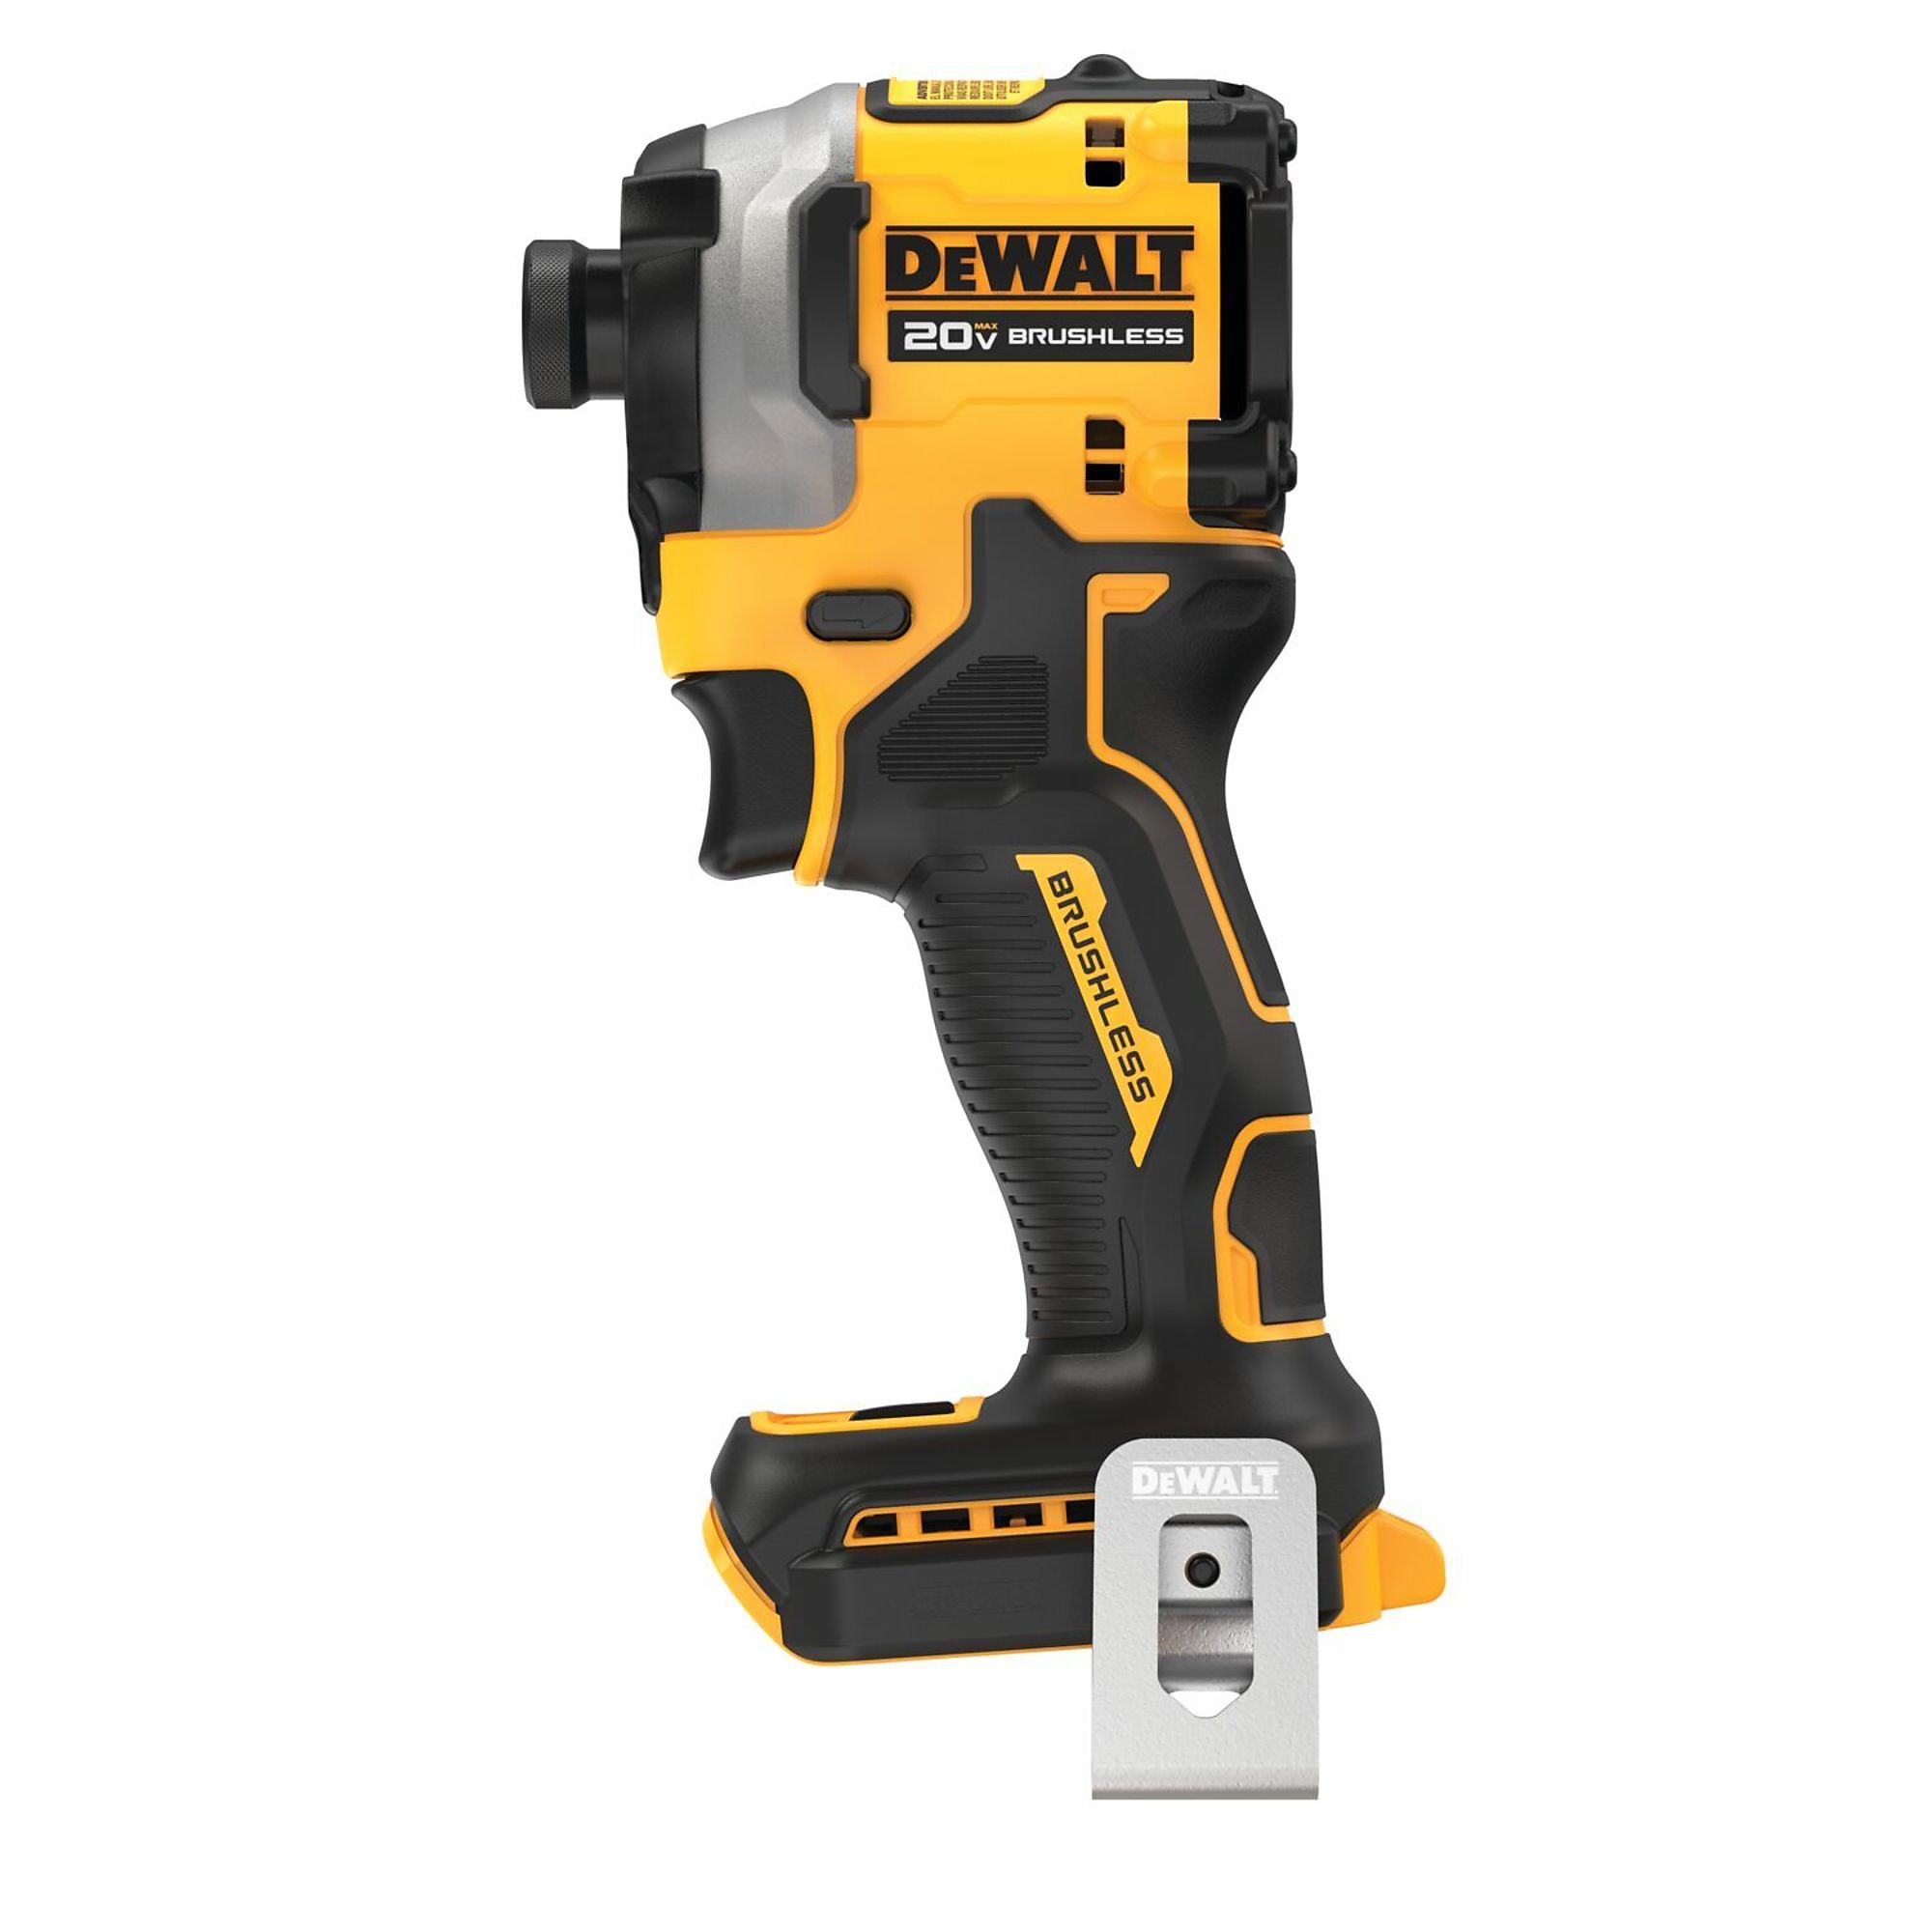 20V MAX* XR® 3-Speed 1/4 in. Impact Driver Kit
============
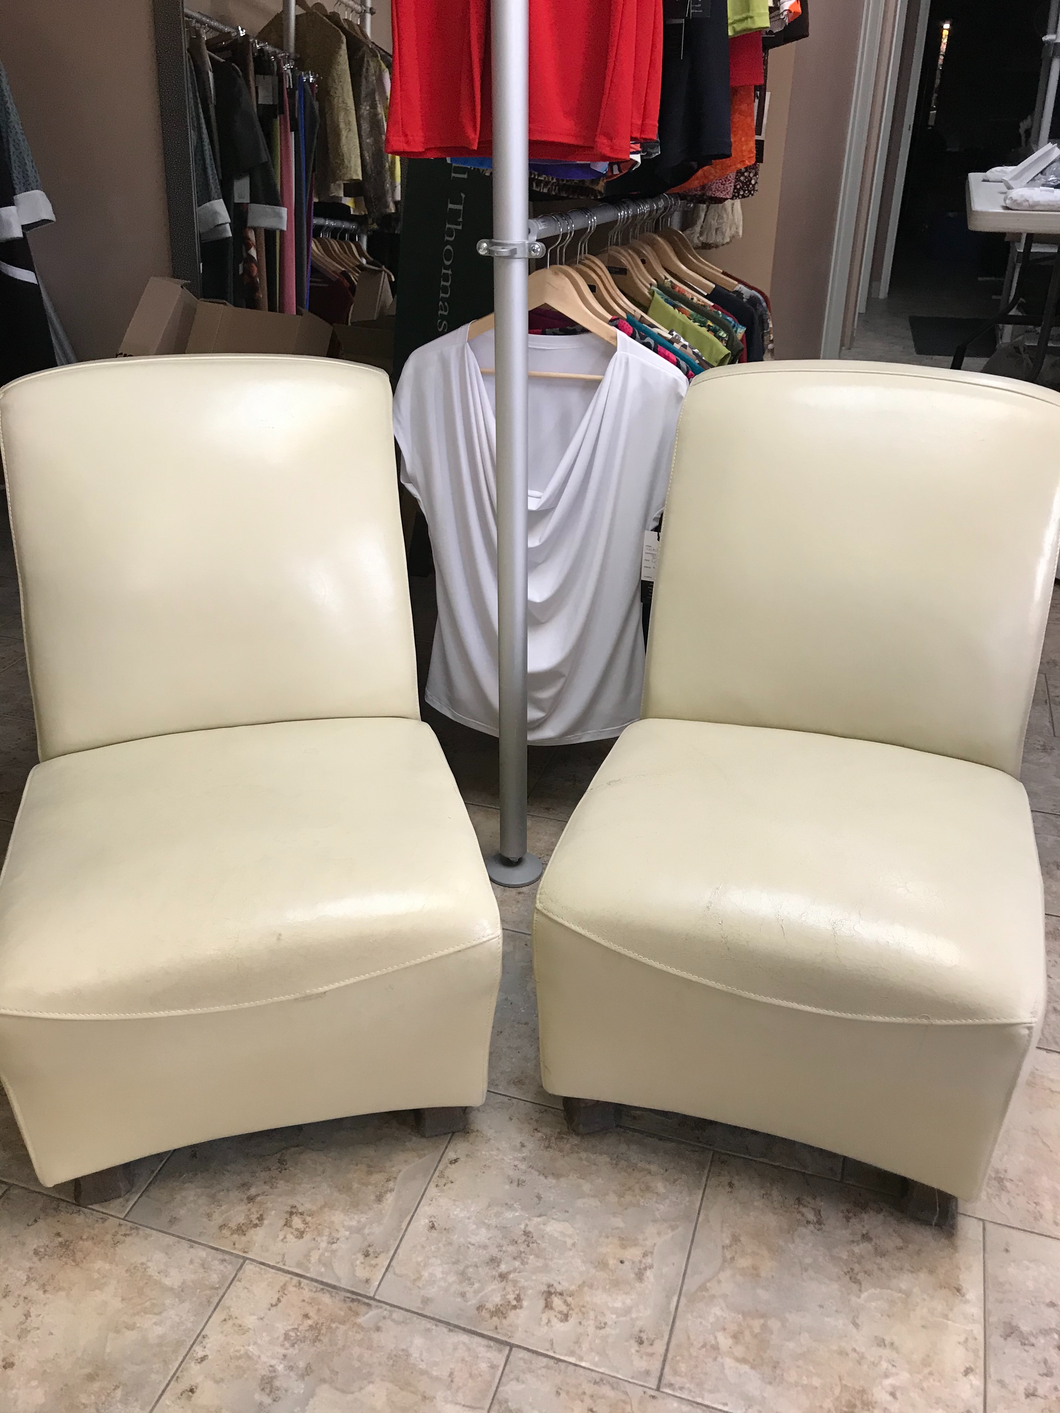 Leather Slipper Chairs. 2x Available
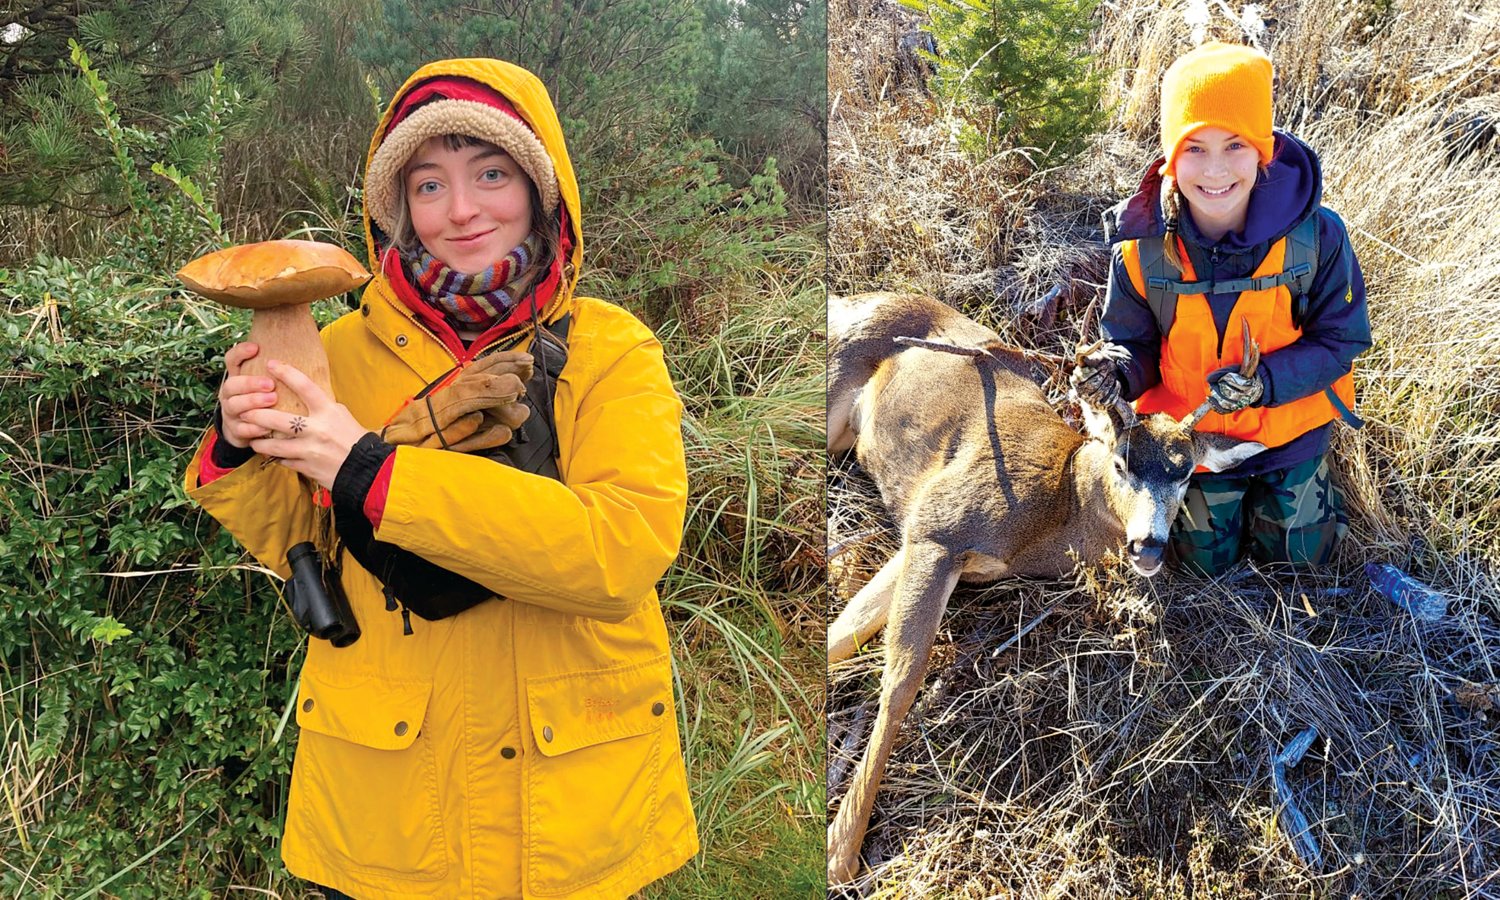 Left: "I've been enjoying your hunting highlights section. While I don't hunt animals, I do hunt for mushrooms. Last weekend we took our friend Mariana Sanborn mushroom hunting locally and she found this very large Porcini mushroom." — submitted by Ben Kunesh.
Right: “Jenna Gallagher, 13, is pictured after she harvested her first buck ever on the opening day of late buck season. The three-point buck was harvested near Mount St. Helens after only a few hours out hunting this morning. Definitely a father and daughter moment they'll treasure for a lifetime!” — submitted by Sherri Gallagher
============
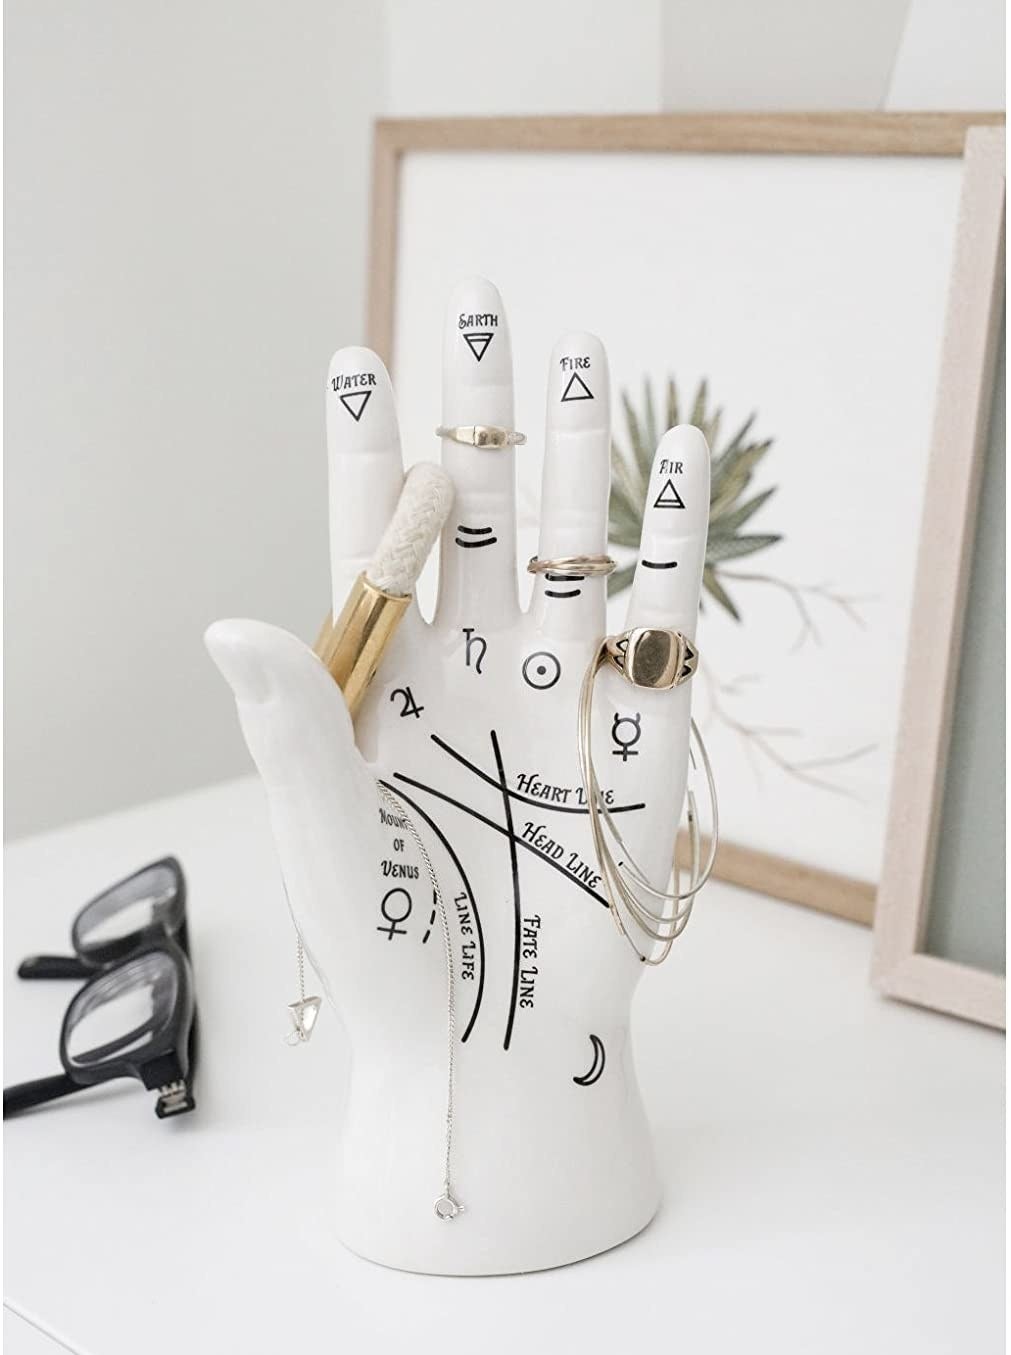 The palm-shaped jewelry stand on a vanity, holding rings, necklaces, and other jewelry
============
Using the entries above, extract exactly the lines from the one that contains "Leather Slipper Chairs. 2x Available" through the one that contains "by Sherri Gallagher". Do not carry over any pictures.

§ OUTPUT OF THE EXERCISE:
 Leather Slipper Chairs. 2x Available
 Left: "I've been enjoying your hunting highlights section. While I don't hunt animals, I do hunt for mushrooms. Last weekend we took our friend Mariana Sanborn mushroom hunting locally and she found this very large Porcini mushroom." — submitted by Ben Kunesh.
Right: “Jenna Gallagher, 13, is pictured after she harvested her first buck ever on the opening day of late buck season. The three-point buck was harvested near Mount St. Helens after only a few hours out hunting this morning. Definitely a father and daughter moment they'll treasure for a lifetime!” — submitted by Sherri Gallagher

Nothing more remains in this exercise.